Unfortuneately you won't see real gains without some tuning. WMI lets you run more timing which is how you get power gains.


----------



## RadRacer513 (Nov 1, 2010)

Prof315 said:


> yeah you should be good to go especially with the small nozzle. I am using a #5 (GPH) and had to dial it WAY back with my progressive. I _might_ be hitting 2.5 GPH at 6500 and 10psi.
> 
> Unfortuneately you won't see real gains without some tuning. WMI lets you run more timing which is how you get power gains.


Yeh, but I'm mostly looking to cool the air, not increase timing.

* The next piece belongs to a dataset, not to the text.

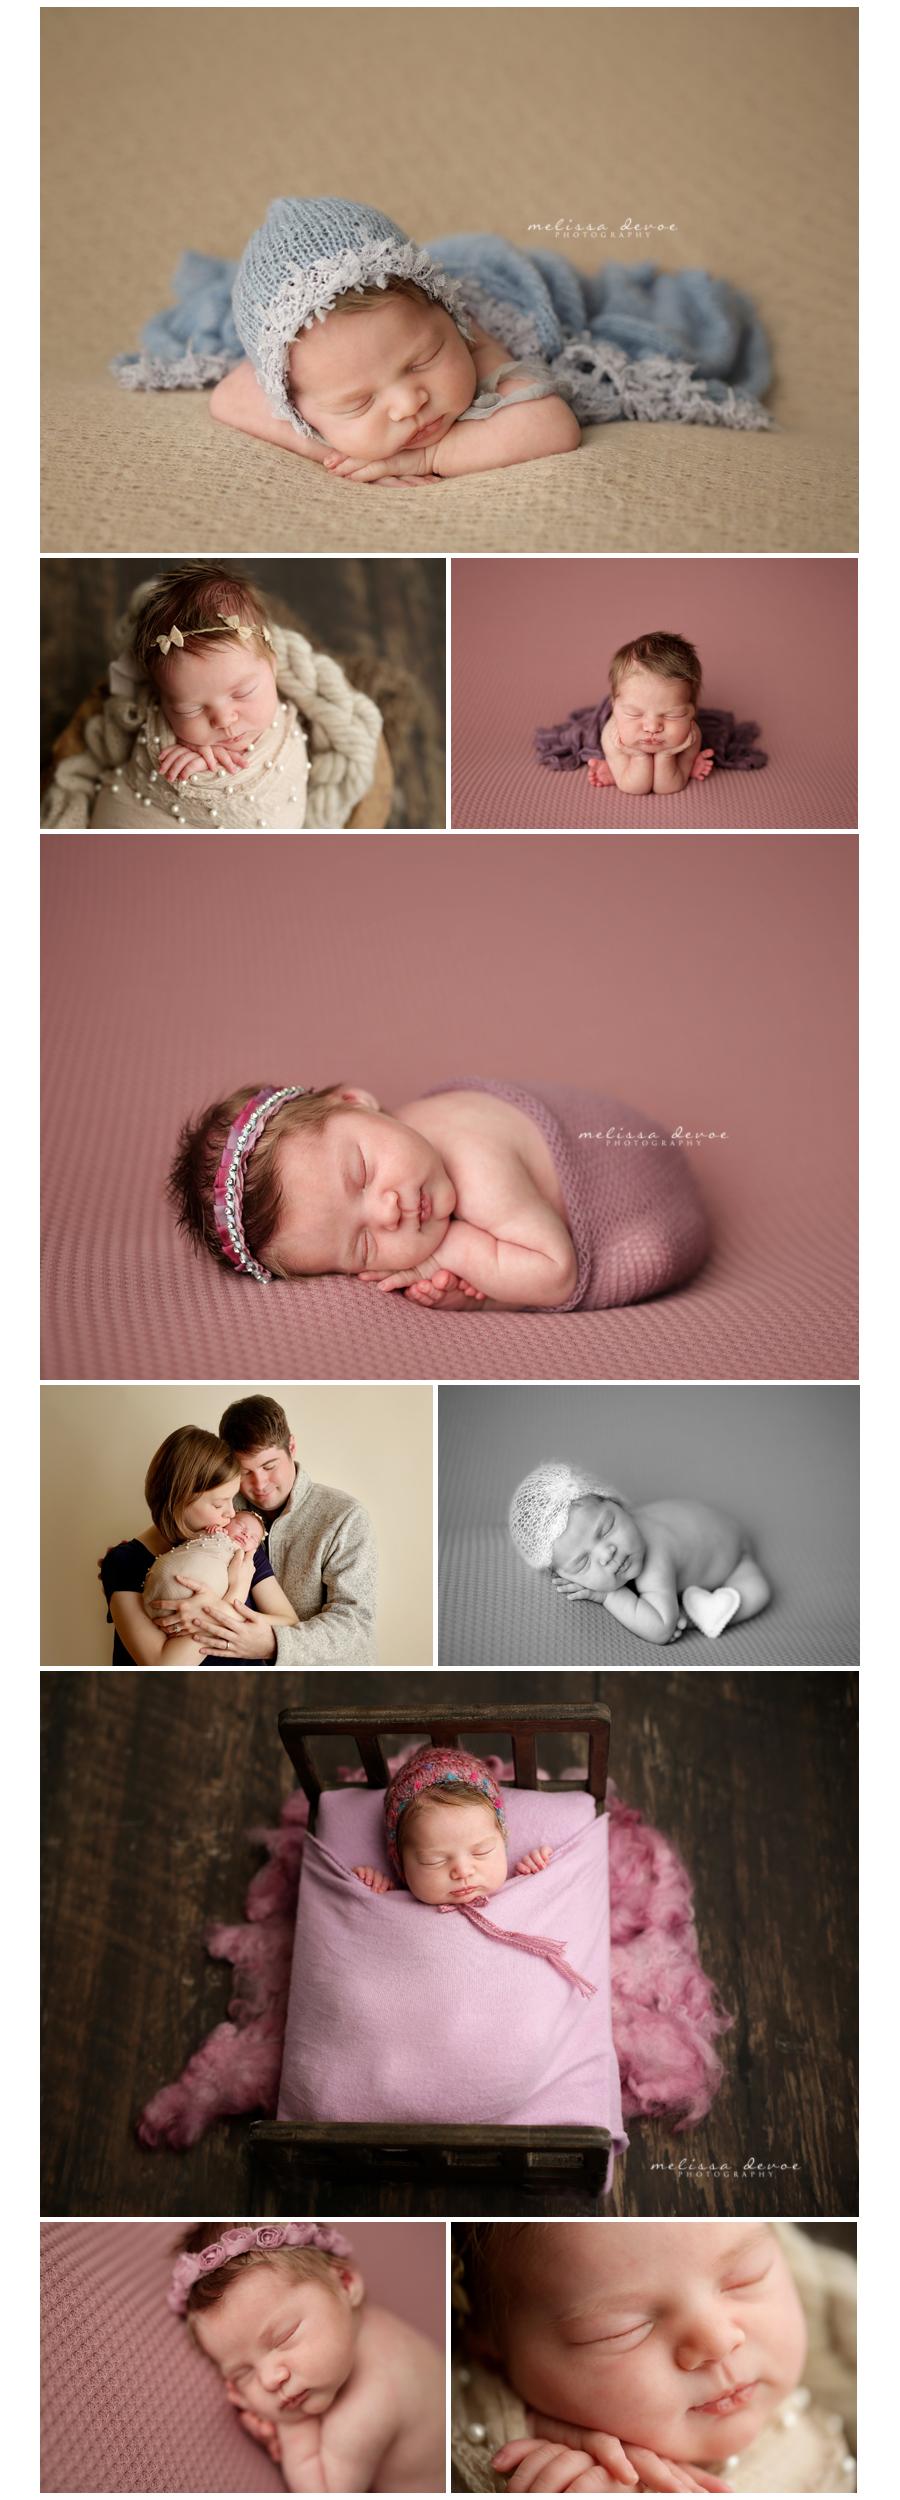 Best Baby Photographer Raleigh NC

I'm seeing 120-140* IATs right now, so I'm sure some timing is being pulled; I just want to get that back. I'd be happy to see 80* IATs with WMI. I'm just gonna run distilled water with maybe a bottle of HEET mixed in I think (1G water to 12oz HEET)


----------



## Prof315 (Jan 5, 2009)

I'm not saying it won't do some good, it will! But I just got my tableswitch safety system up and working. I only go to my agressive timing and fuel maps if water/meth is actually spraying.

First try on the agressive timing map I accelerated UP the Pineda Causeway from 60 to 130mph! In 4th gear at 10psi the whole time! I actually unloaded the suspension at the crest of the bridge, scared the pee out of me :laugh: .


----------



## [email protected] (Jan 13, 2005)

RadRacer513 said:


> I'm just gonna run distilled water with maybe a bottle of HEET mixed in I think (1G water to 12oz HEET)


Tuning will be significantly easier with at least some methanol involved. A 35% meth quantity will widen the margin of error in a serious way. With pure water (or mixtures close to it) you have to be spot on perfect with the tune. Otherwise, one moment you're quenching combustion and the next you've not got enough spray to keep things happy.

Finally, I wouldn't worry much about running somewhat rich under WOT. Turn up the boost and enjoy.


----------



## Prof315 (Jan 5, 2009)

[email protected] said:


> Tuning will be significantly easier with at least some methanol involved. A 35% meth quantity will widen the margin of error in a serious way. With pure water (or mixtures close to it) you have to be spot on perfect with the tune. Otherwise, one moment you're quenching combustion and the next you've not got enough spray to keep things happy.
> 
> Finally, I wouldn't worry much about running somewhat rich under WOT. Turn up the boost and enjoy.


Yeah I'm finding that low meth content is a little tricky. I'm at ~10% right now (I didn't want to waste my meth while testing the system) and it's kind of touchy. Going back to 50/50 next refill.


----------